▶ Dataset content
──────

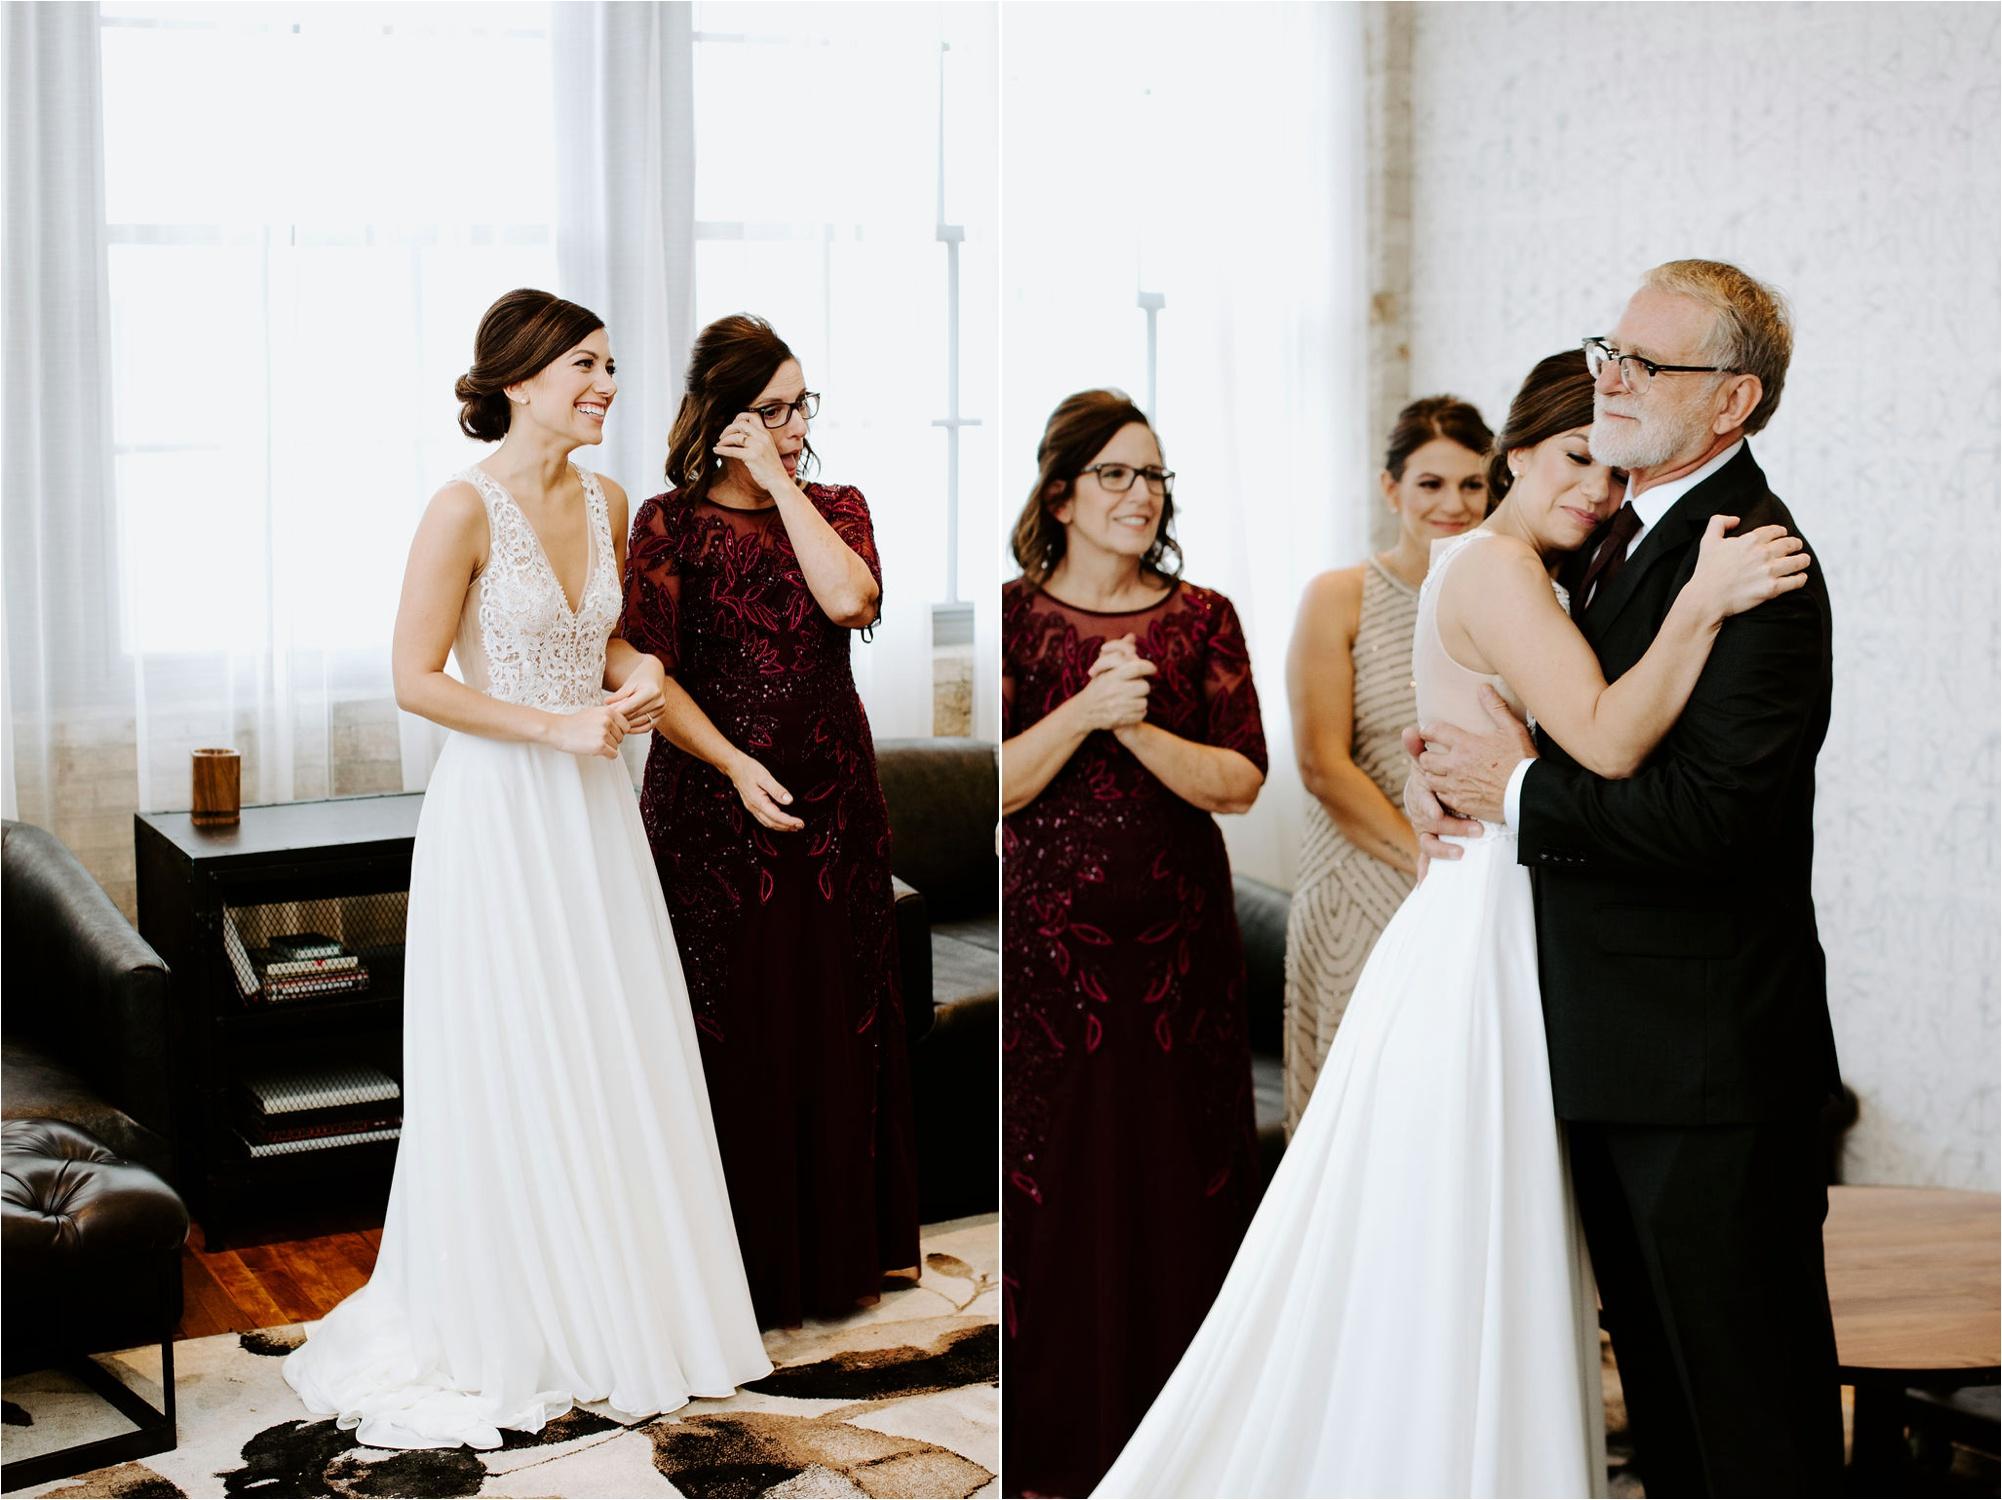 machine shop minneapolis wedding getting ready space, minnesota wedding engagement photography
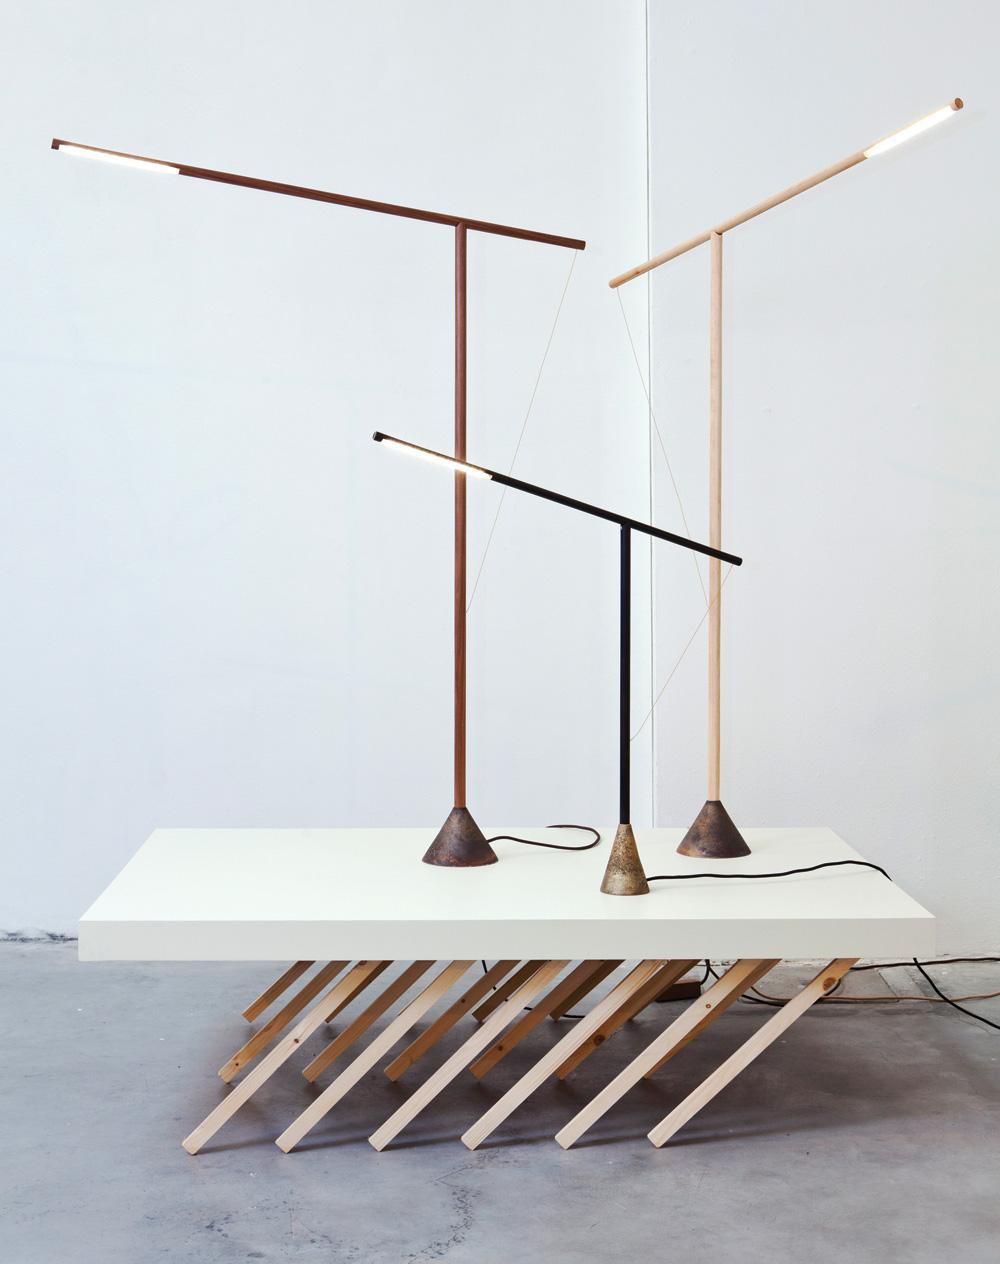 http://mocoloco.com/fresh2/upload/2012/05/balance_lamp_v20_by_mieke_meijer/balance_lamp_v2_mieke_meijer_2b.jpg
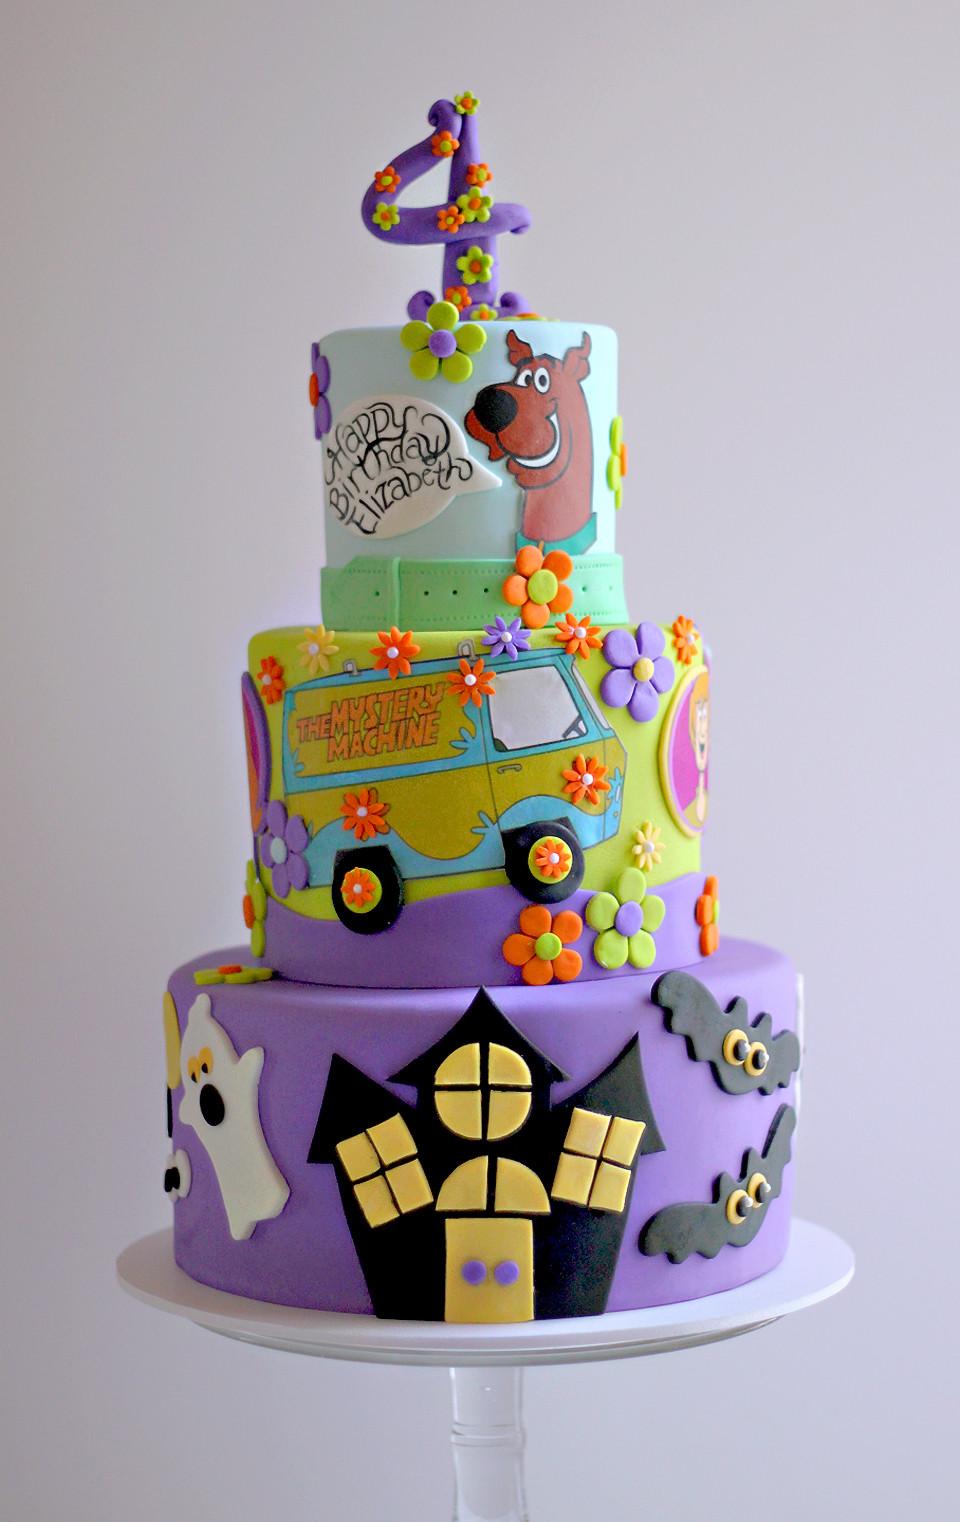 Scooby Doo Birthday Cakes  Elizabeth's Scooby Birthday Cake

──────

▶ Exercise description
The listing must be repeated word for word, and none of its pictures may appear in the copy.

▶ Expected output
 machine shop minneapolis wedding getting ready space, minnesota wedding engagement photography
 http://mocoloco.com/fresh2/upload/2012/05/balance_lamp_v20_by_mieke_meijer/balance_lamp_v2_mieke_meijer_2b.jpg
 Scooby Doo Birthday Cakes  Elizabeth's Scooby Birthday Cake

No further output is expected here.